Gap Inc. is shifting its focus towards technological advancements as it enters 2025, following a year of refining its core business operations. The company now aims to leverage artificial intelligence (AI) and other innovations to enhance efficiency and customer experience. With a portfolio that includes Old Navy, Gap, Banana Republic, and Athleta, the retailer is looking for ways to optimize its operations and maintain financial stability. Gap executives have outlined plans to integrate AI into multiple aspects of the business, positioning it as a key driver for future growth.
Previously, Gap’s efforts centered on stabilizing its financial performance and reinforcing its brand identity. The company saw varied success across its labels, with some achieving positive comparable sales. In prior earnings calls, Gap leadership emphasized the importance of brand revitalization and operational improvements. The latest shift towards AI represents a continuation of this broader effort, with greater attention now placed on digital transformation and efficiency.
How is Gap integrating AI into its strategy?
The company has established an Office of AI to drive innovation across different business functions. AI will be implemented to refine customer experiences, optimize product availability, and improve organizational efficiency. Gap Chief Technology Officer Sven Gerjets, who joined the company in 2023, is leading efforts to utilize AI for streamlining operations and enhancing decision-making processes.
What financial outlook does Gap project for 2025?
Gap expects its net sales to remain stable or increase slightly in the first quarter of 2025, while projecting a 1% to 2% year-over-year growth for the full year. The company continues to assess external economic factors, including tariffs and supply chain challenges. Chief Financial Officer Katrina O’Connell noted that less than 10% of Gap’s products are sourced from China, with minimal reliance on Canada and Mexico.
“We’ve been operating in a highly dynamic backdrop for the last few years, and we’re expecting the same for fiscal 2025,” O’Connell stated. “As a result, we’ve taken a balanced view with our guidance and remain focused on controlling the controllable.”
Gap’s leadership believes AI-driven strategies will contribute to revenue growth and operational efficiency.
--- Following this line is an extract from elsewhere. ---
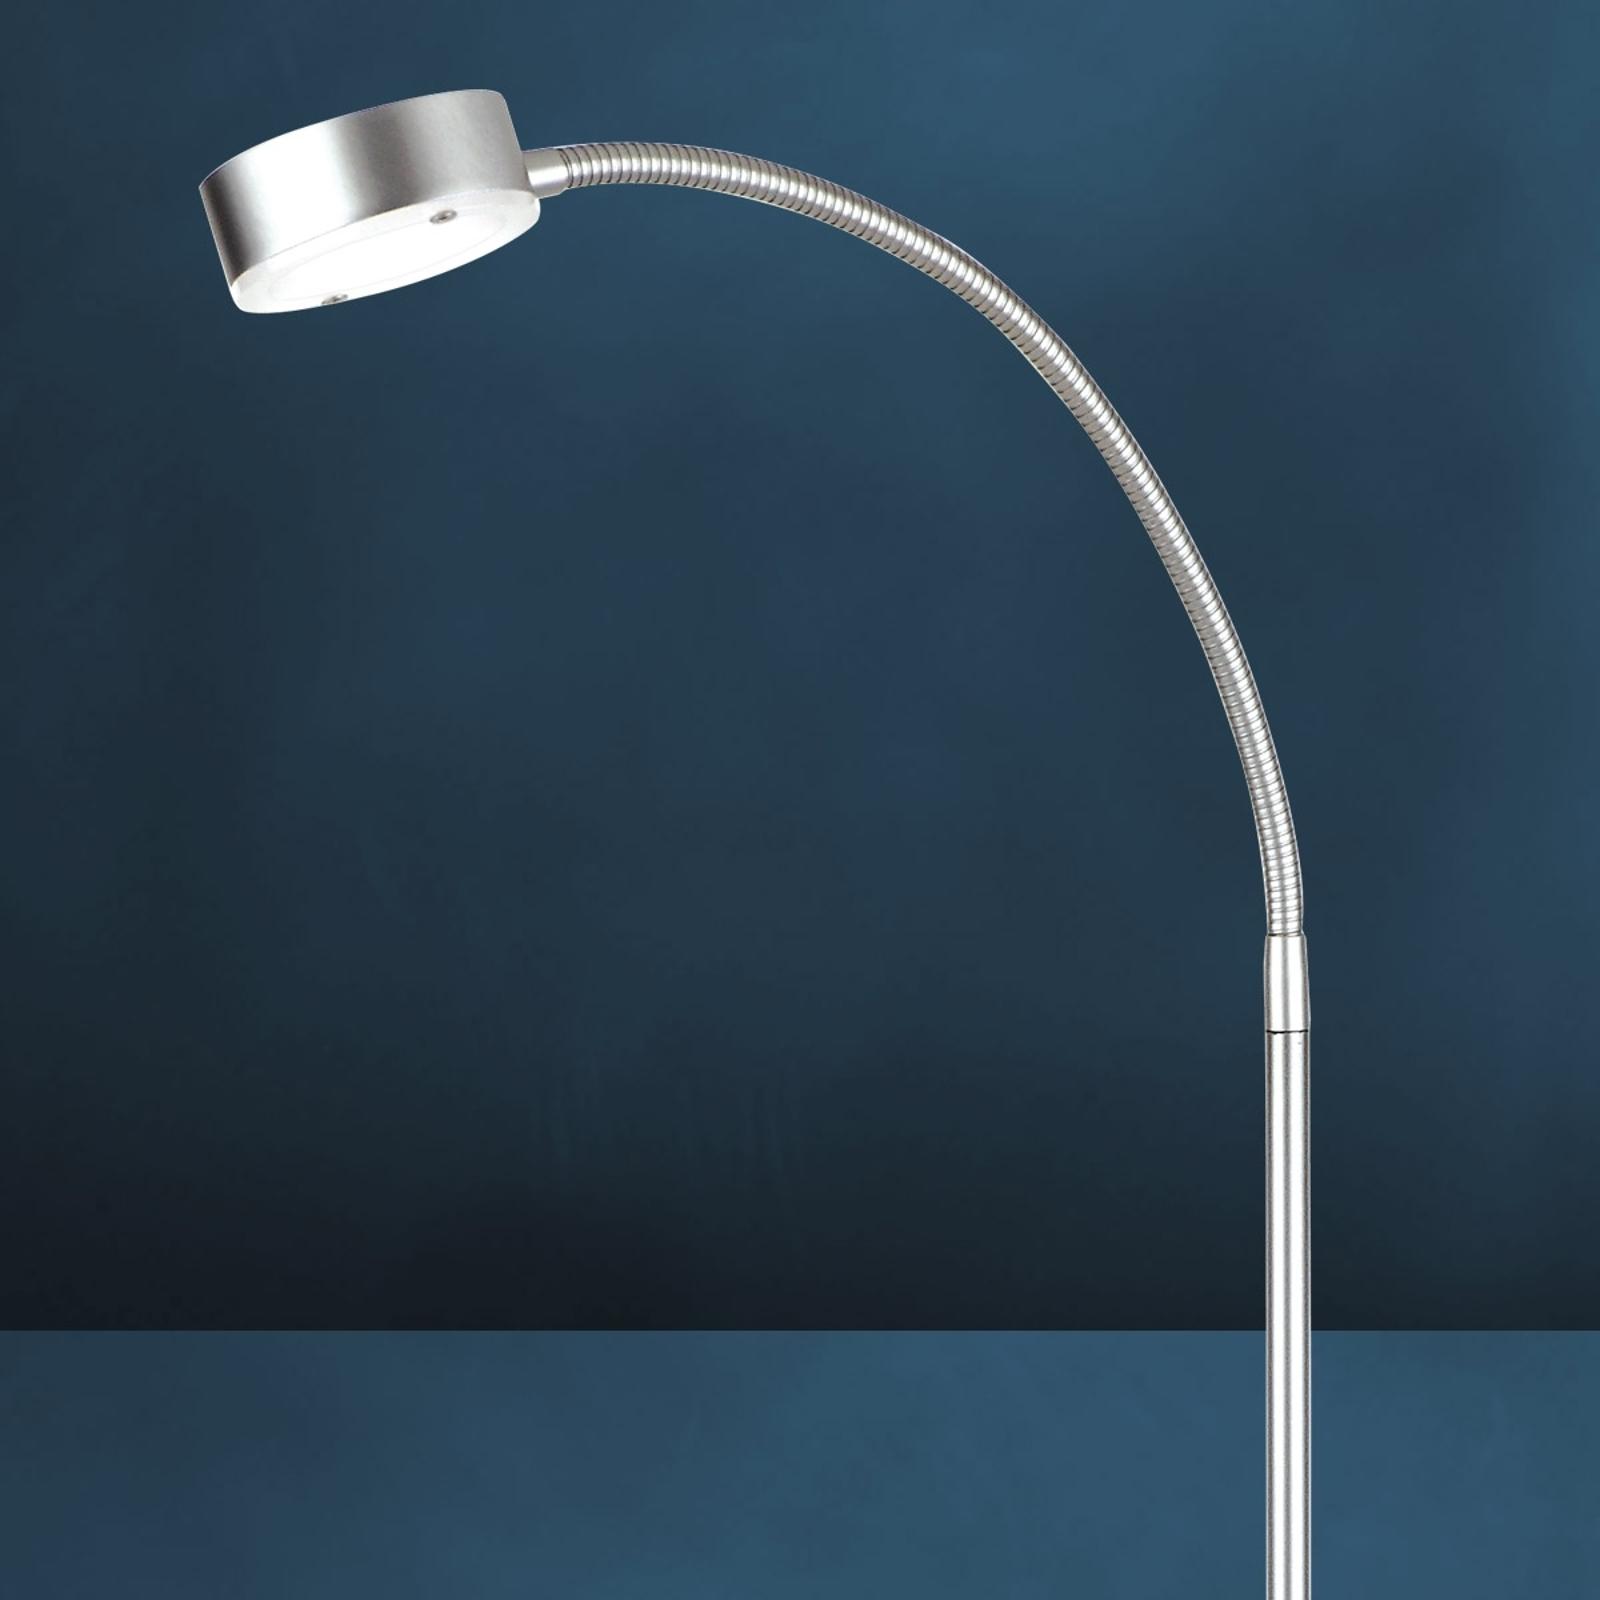 Flexibel LED-golvlampa SATURN med 1 ljuskälla
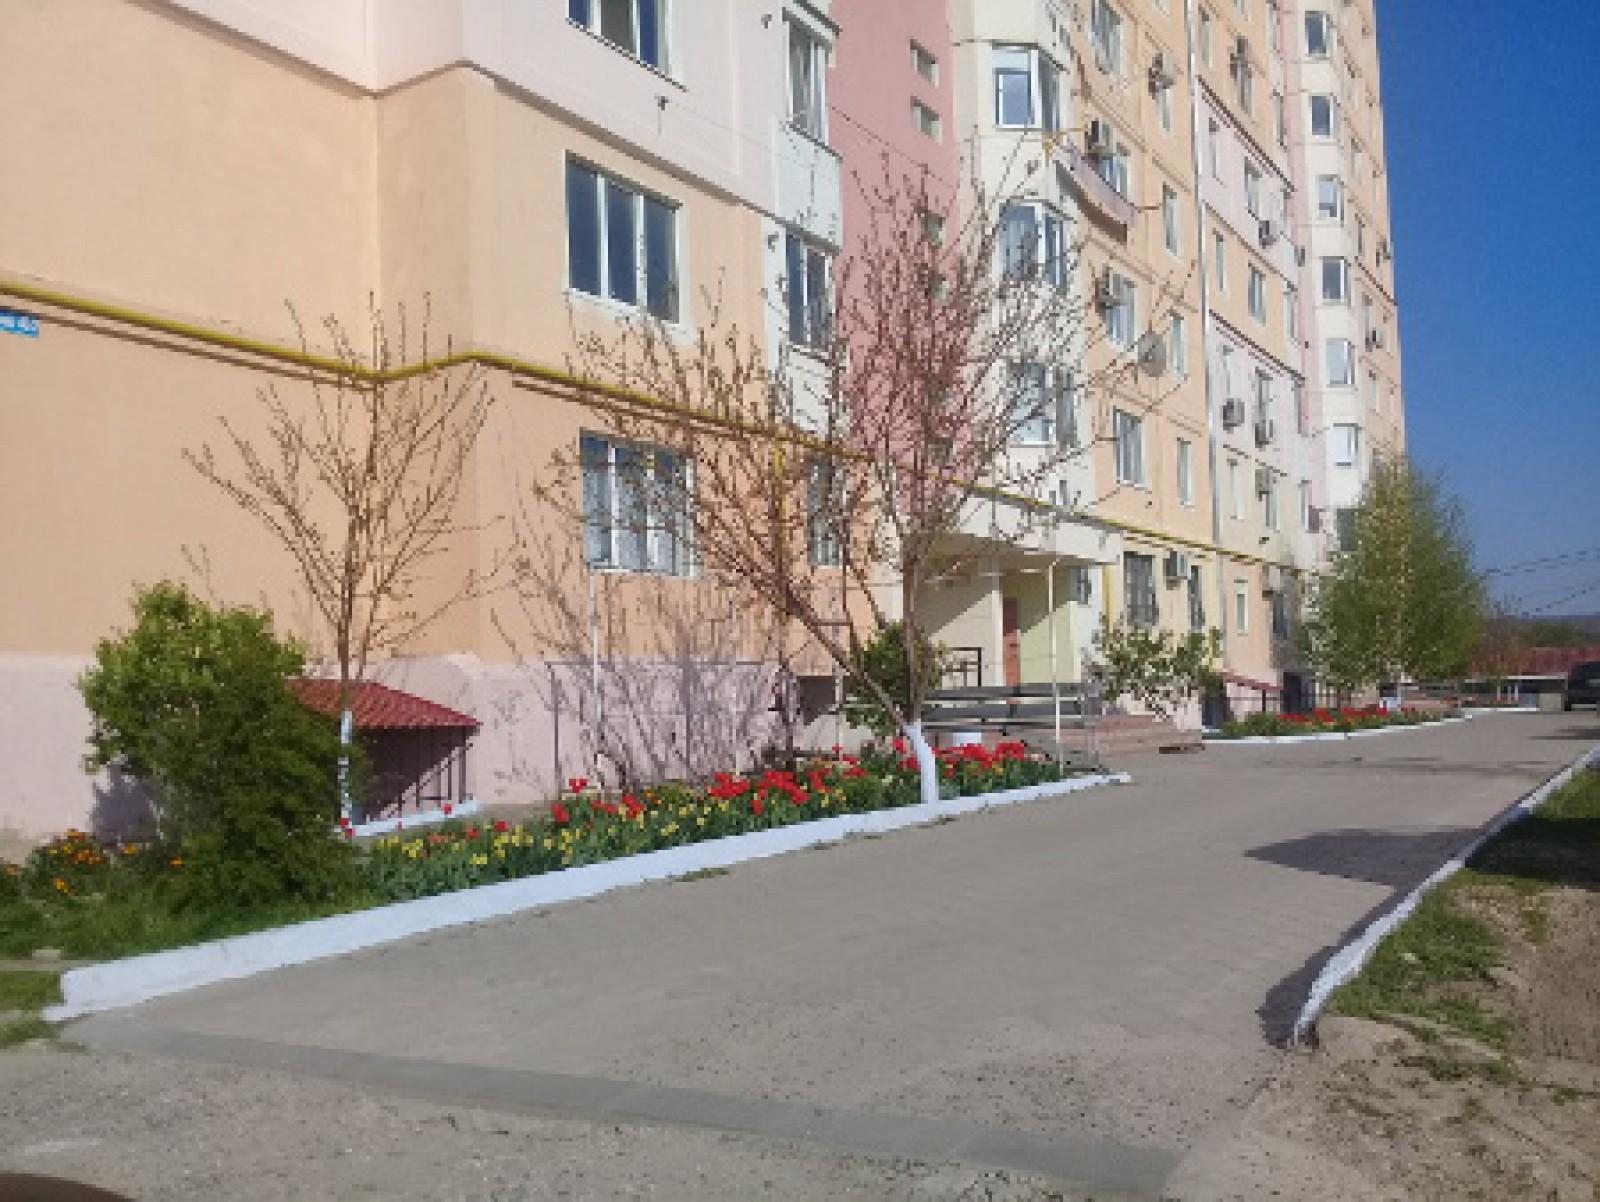 """(foto) Primăria municipiului Ceadîr-Lunga a numit câștigătorii pentru concursul """"Cea mai frumoasă curte și stradă"""" din oraș. Pentru locul III s-au alocat 10 mii de lei"""

The company is exploring AI monetization opportunities related to consumer interaction, product development, and automation. CEO Richard Dickson highlighted the role of AI in enhancing productivity and driving value across all brand segments.
“In 2025, we will be developing AI monetization opportunities relative to the consumer experience, product to market, as well as organizational productivity,” Dickson said. “Now, having organized the various ways we can use AI to enable value creation, we’re prepared to mobilize against this framework with intention.”
Gap’s approach reflects a broader retail trend where companies emphasize digital transformation to remain competitive. Many retailers have been integrating AI to optimize operations, improve personalization, and enhance efficiency. The company’s AI investment follows similar efforts by industry peers who have sought to modernize their business models through technology.
While Gap’s focus on AI suggests a strategic shift, the success of these initiatives will depend on how effectively the company implements technology to address customer needs and operational challenges. AI-driven retail solutions have the potential to increase profitability, but they also require significant investment and strategic execution. As Gap navigates 2025, its ability to adapt to market conditions and effectively integrate AI will determine the impact of this shift on its long-term performance.